6./7. (Duplicate of 4 from a second reviewer.) — Same correction; consolidated.

  1. Silent-scrub running placeholder (high) — INCORPORATED. §9 now gates both the generation_complete write and the per-frame running placeholder on isSilentJob; §13 test drives both halves per frame.

  2. _messages retention vs “authoritative for autosave” (medium) — INCORPORATED + CORRECTED. Verified MAX_RETAINED_MESSAGES=10_000 slice (:1697-1700) and that autosave reads the live relay, not _messages. Dropped the “authoritative for autosave” claim; §15 documents truncation + reconnect implications.

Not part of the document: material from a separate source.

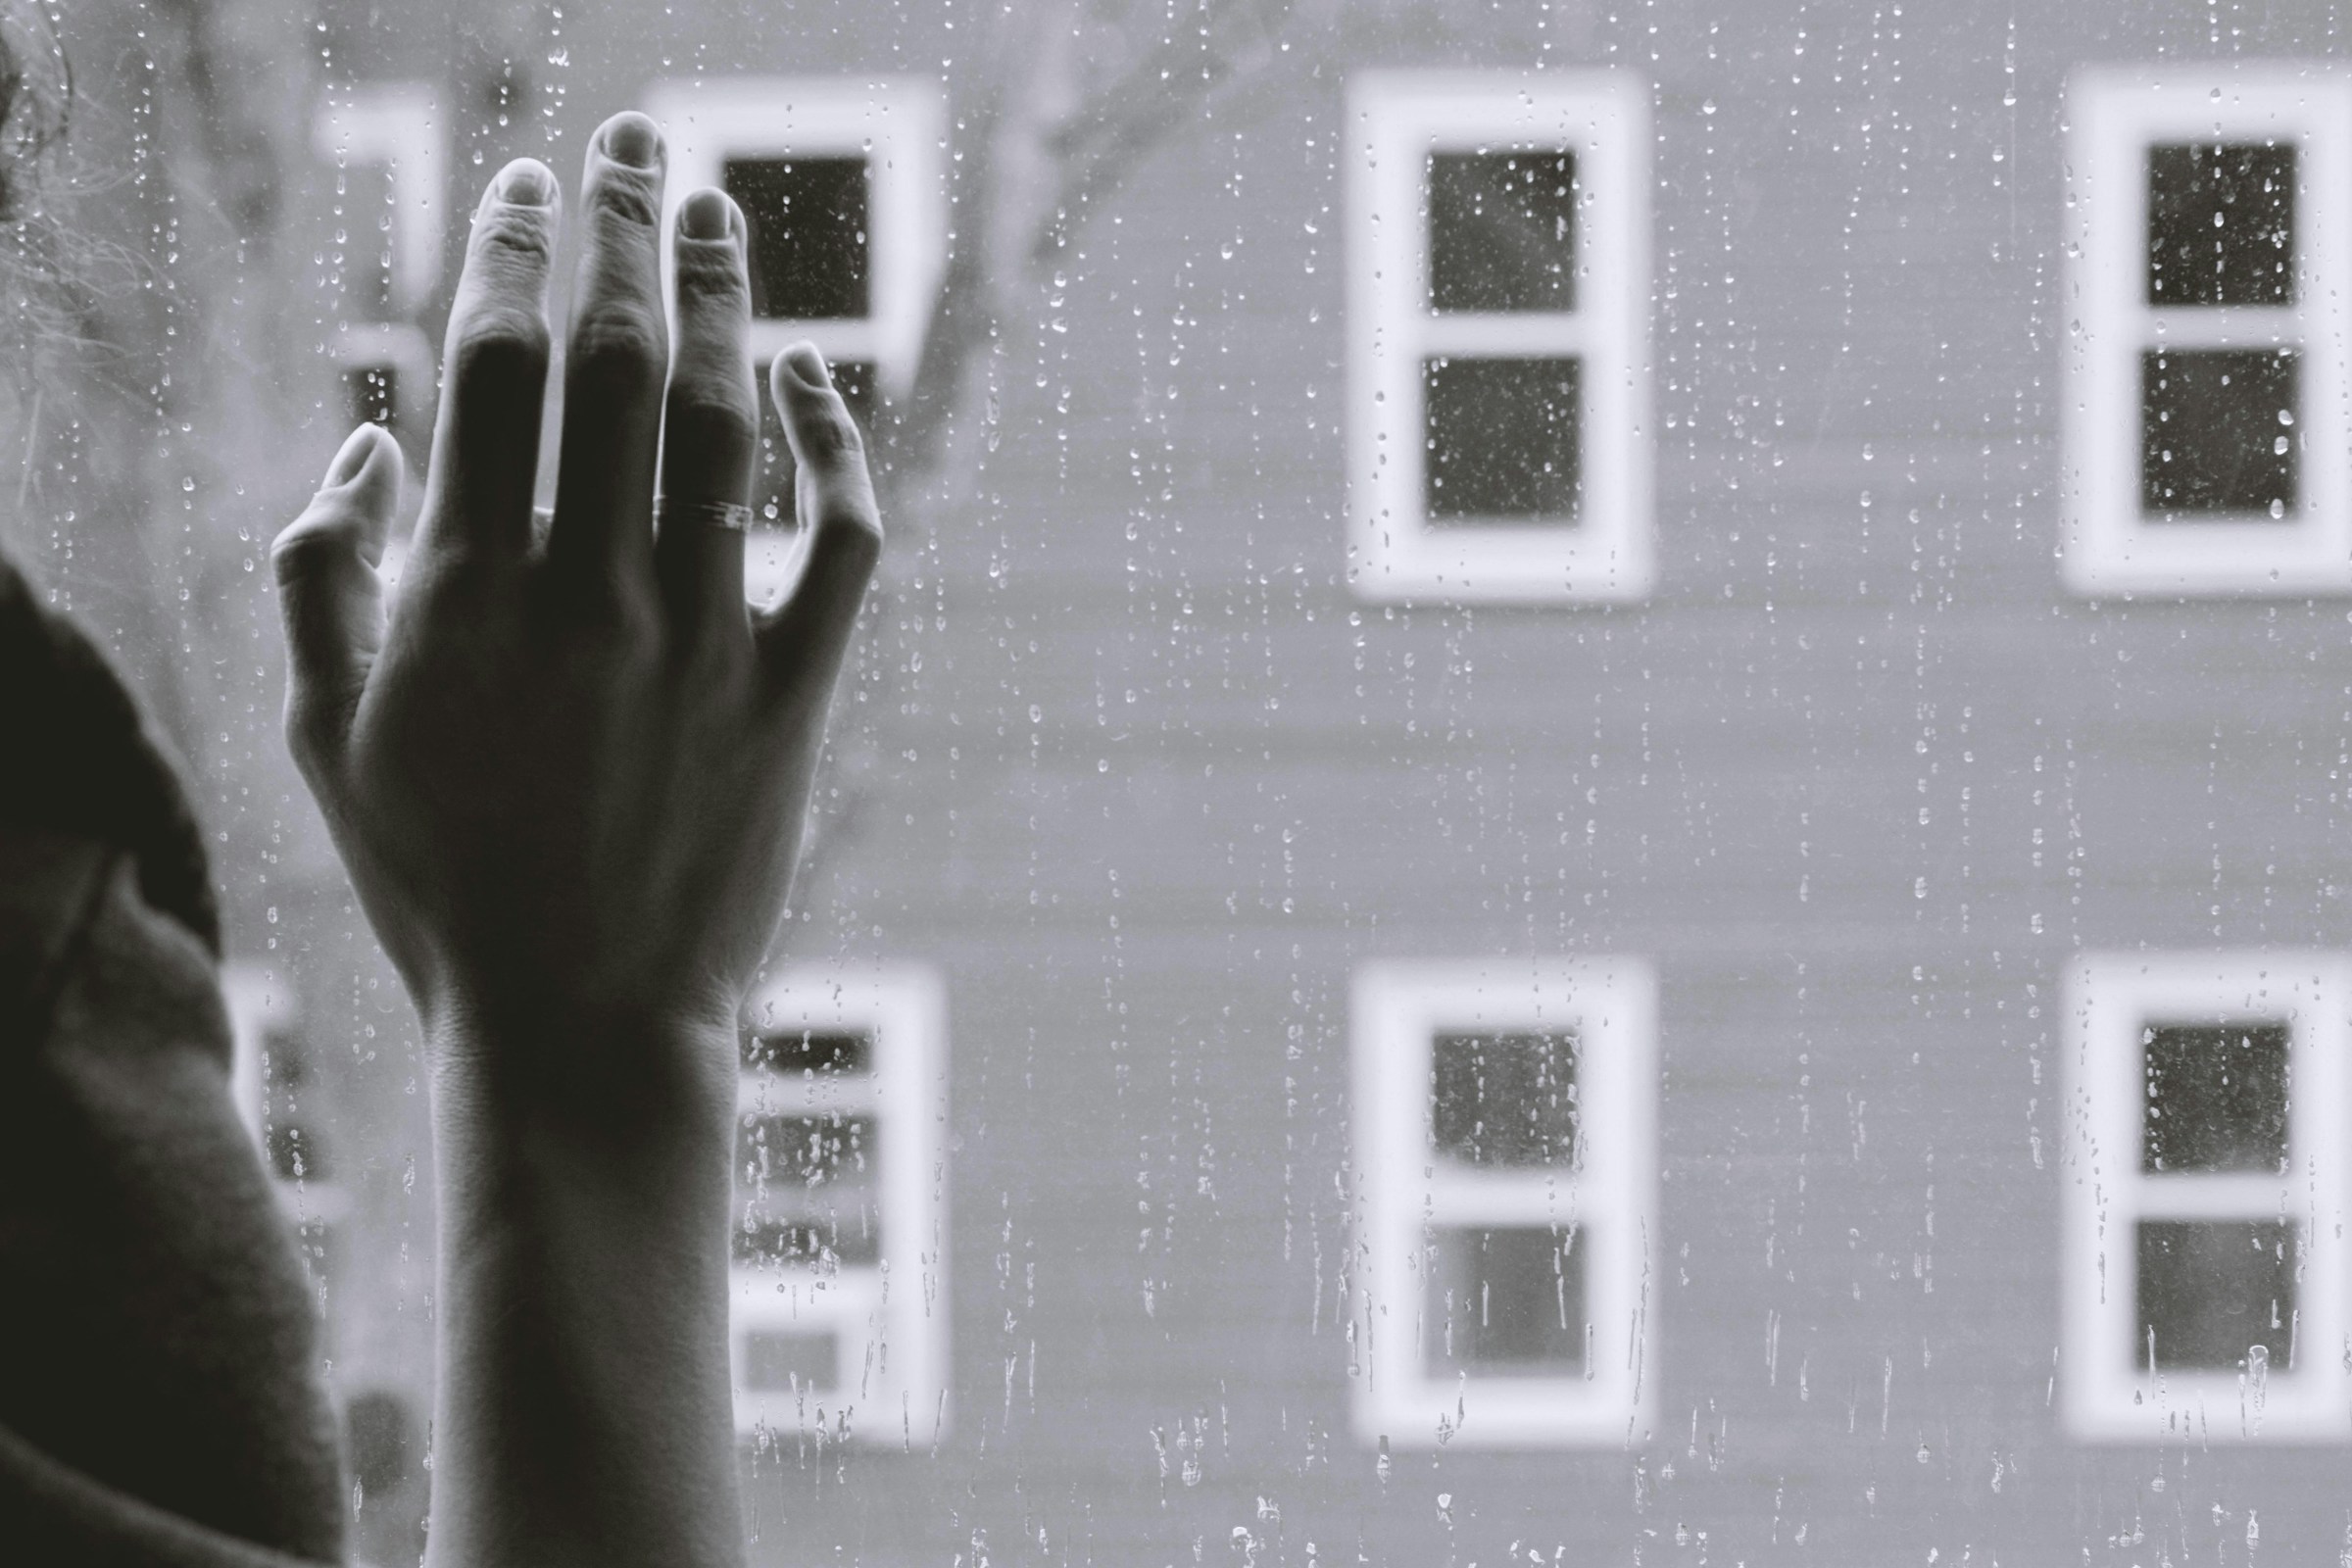 A grayscale photo of a woman's right hand on glass | Source: Pexels

  3. Replay duplicate assets (medium) — INCORPORATED. Verified Asset has node_id/job_id but no index; guard is per-object. Added Decision 8 ((job_id, node_id, index) idempotency) and a fresh-object replay test.

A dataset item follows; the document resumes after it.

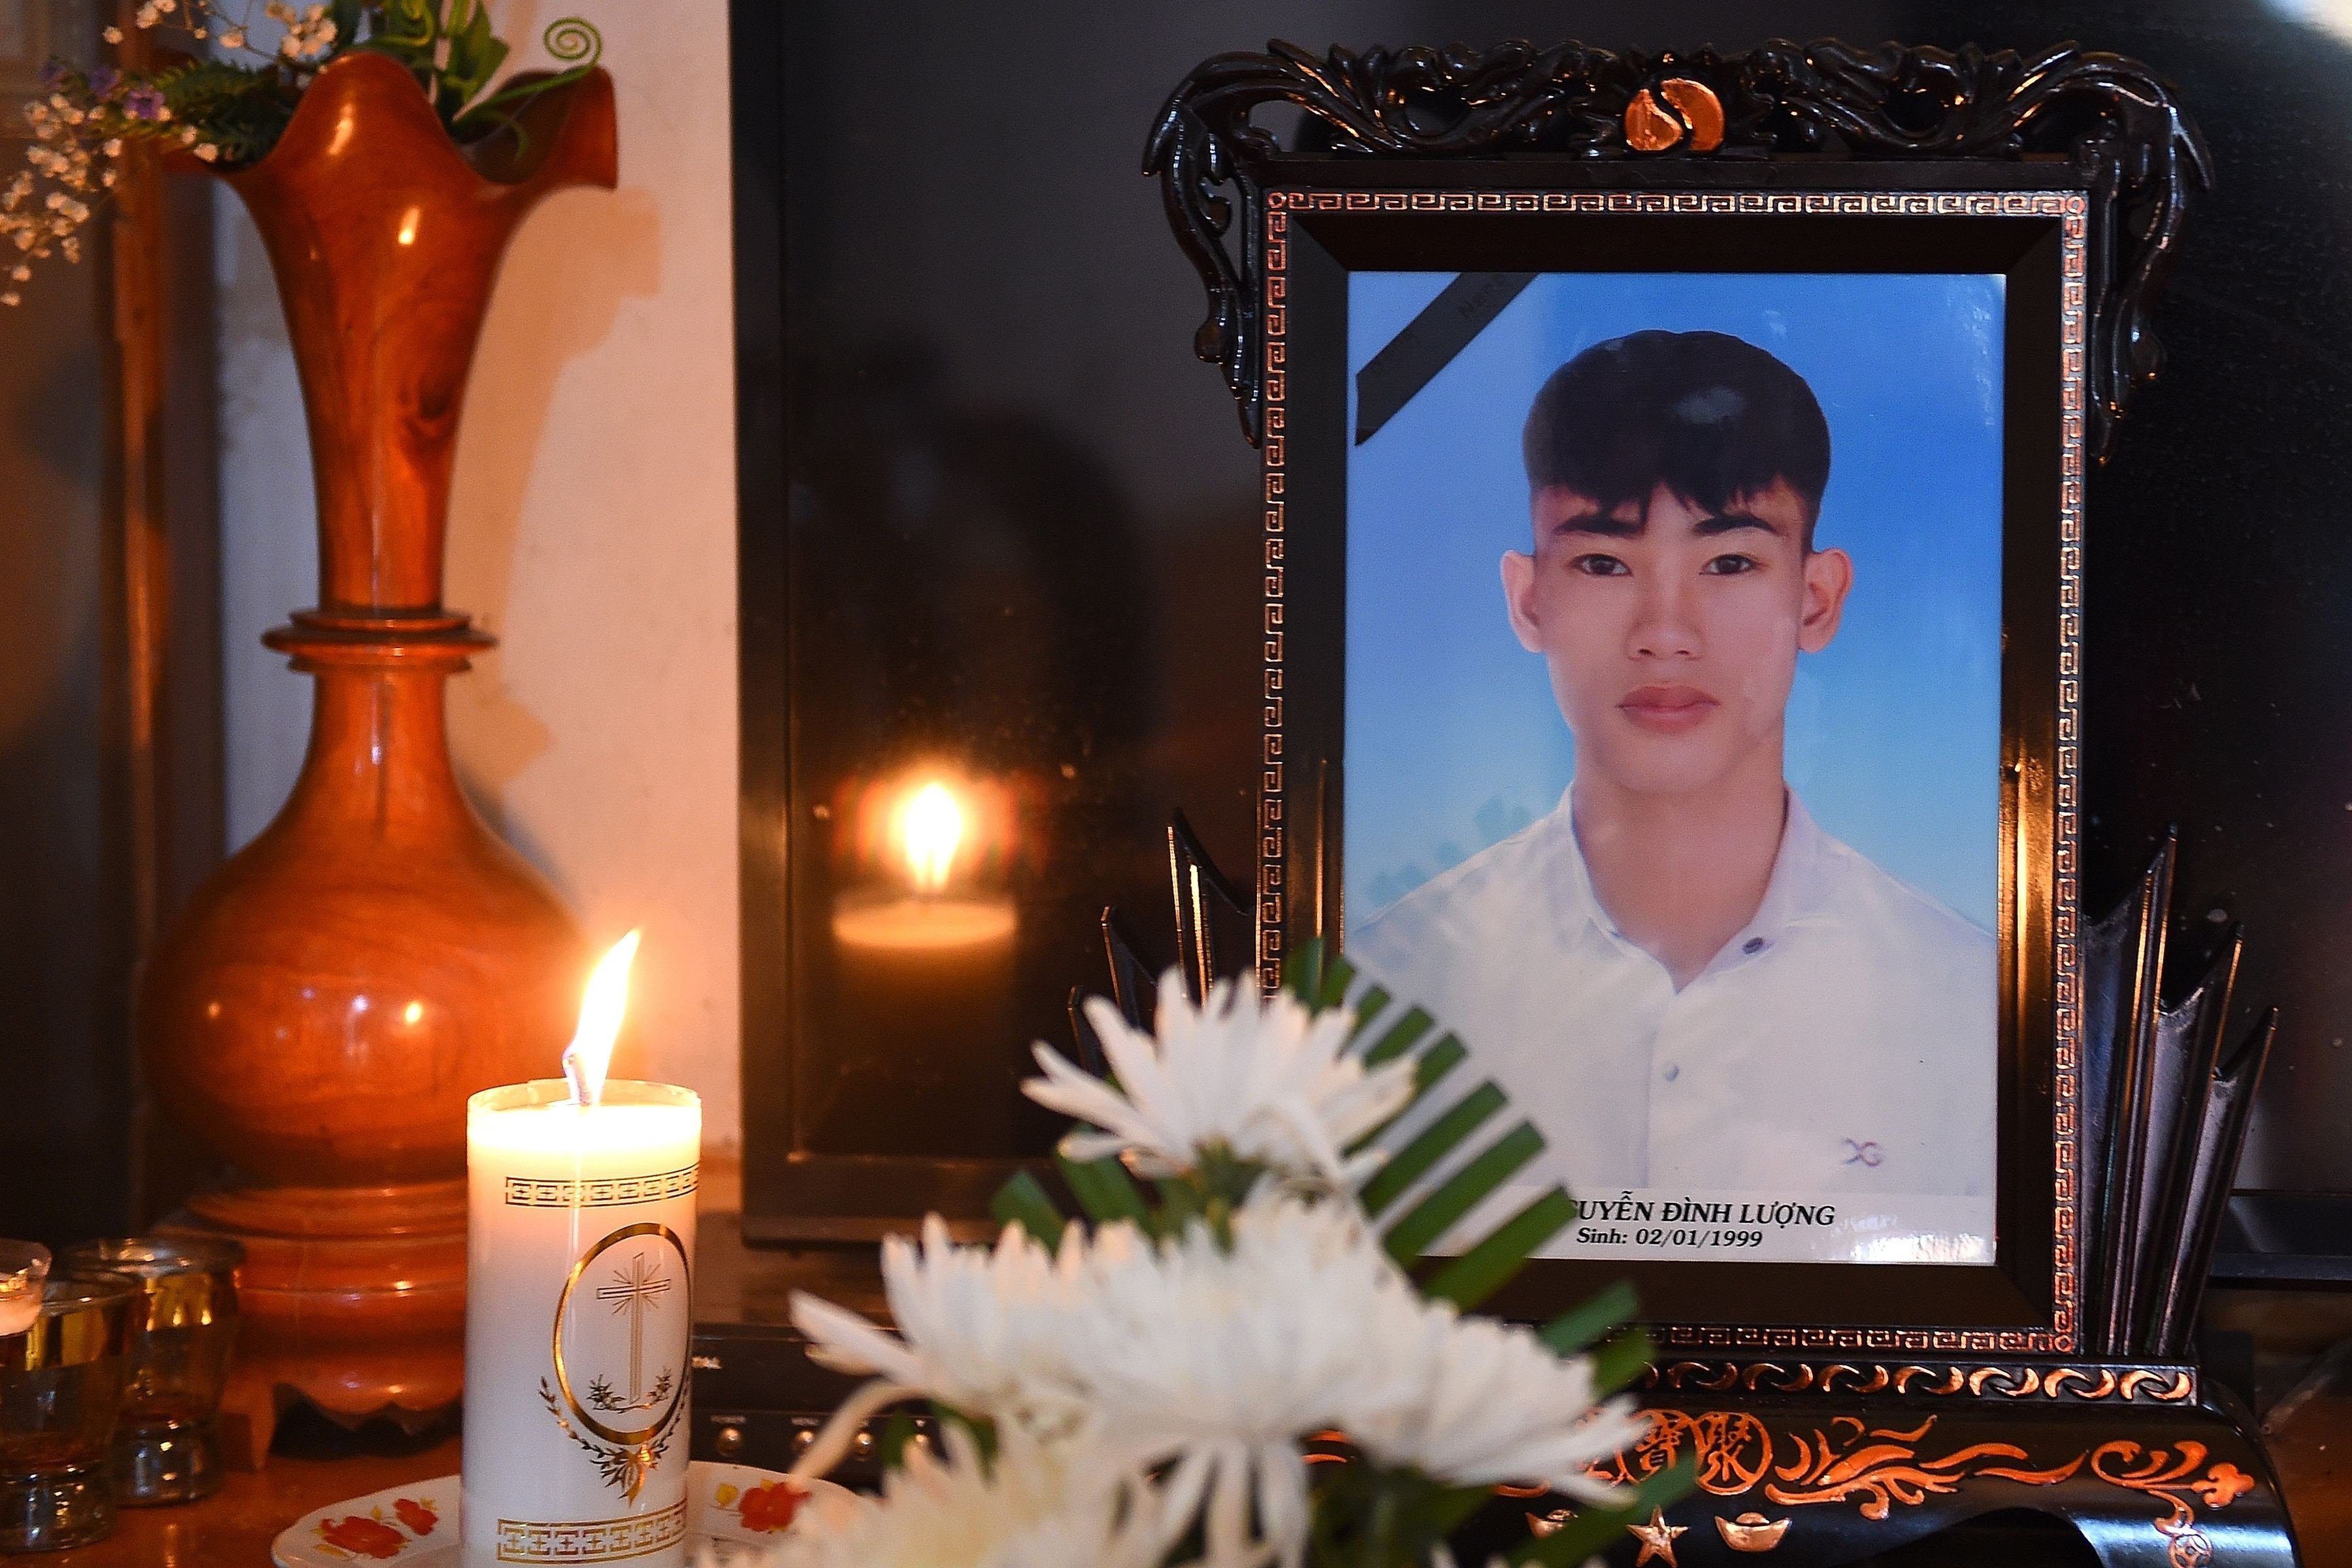 A portrait of 20-year-old Nguyen Dinh Luong, who is feared to be among the 39 people found dead in a truck in Britain, is kept on a prayer altar at his house in Vietnam's Ha Tinh province. Vietnamese police are cracking down on people smuggling. Photo: AFP

  4. New-client/old-server skew (medium) — INCORPORATED. Verified web and websocket are lockstep 0.7.0-rc.23. §12 documents Electron lockstep vs remote-serve risk and the capability-probe mitigation.

12./13. Python streaming-output + streaming-input site coverage (high/medium) — INCORPORATED. Verified PythonNodeExecutor implements only process()/genProcess() (no run()), so site #5 is TS-only and Python streaming-input uses site #3. Verified the empty terminal result for execute.stream. §10 corrected; streaming-output multi-artifact scoped out.

Critical (mobile) — INCORPORATED (§8.6, Decision 10, touch-point #11). Critical (timeline/sketch) — INCORPORATED (§8.8, touch-point #9). Verified the selectedOutputNodeId/jobOutputs/extractAssetId/fail-job pattern. High (browser worker) — INCORPORATED (folded into §8.5). High (mini-apps) — INCORPORATED (§8.9, touch-point #10). Verified result tiles built entirely from output_update. High (browser autosave) — INCORPORATED (Decision 9, §15). Medium (CLI) — INCORPORATED (§8.11, Decision 12, touch-point #12). Medium (chat generation) — INCORPORATED (§8.10, Decision 11). Medium (constant/input leak) — INCORPORATED (Decision 7). Verified the skipResult set (actor.ts:437-439) and reconciled the result-read rules. Medium (setOutputResult call sites) — INCORPORATED (§8.7, Decision 4). Verified 4 runtime call sites + 1 doc comment.

No findings were dropped as wrong; the two that were partially wrong (the double-save rationale and the _messages-authoritative claim) are corrected in-body rather than silently removed.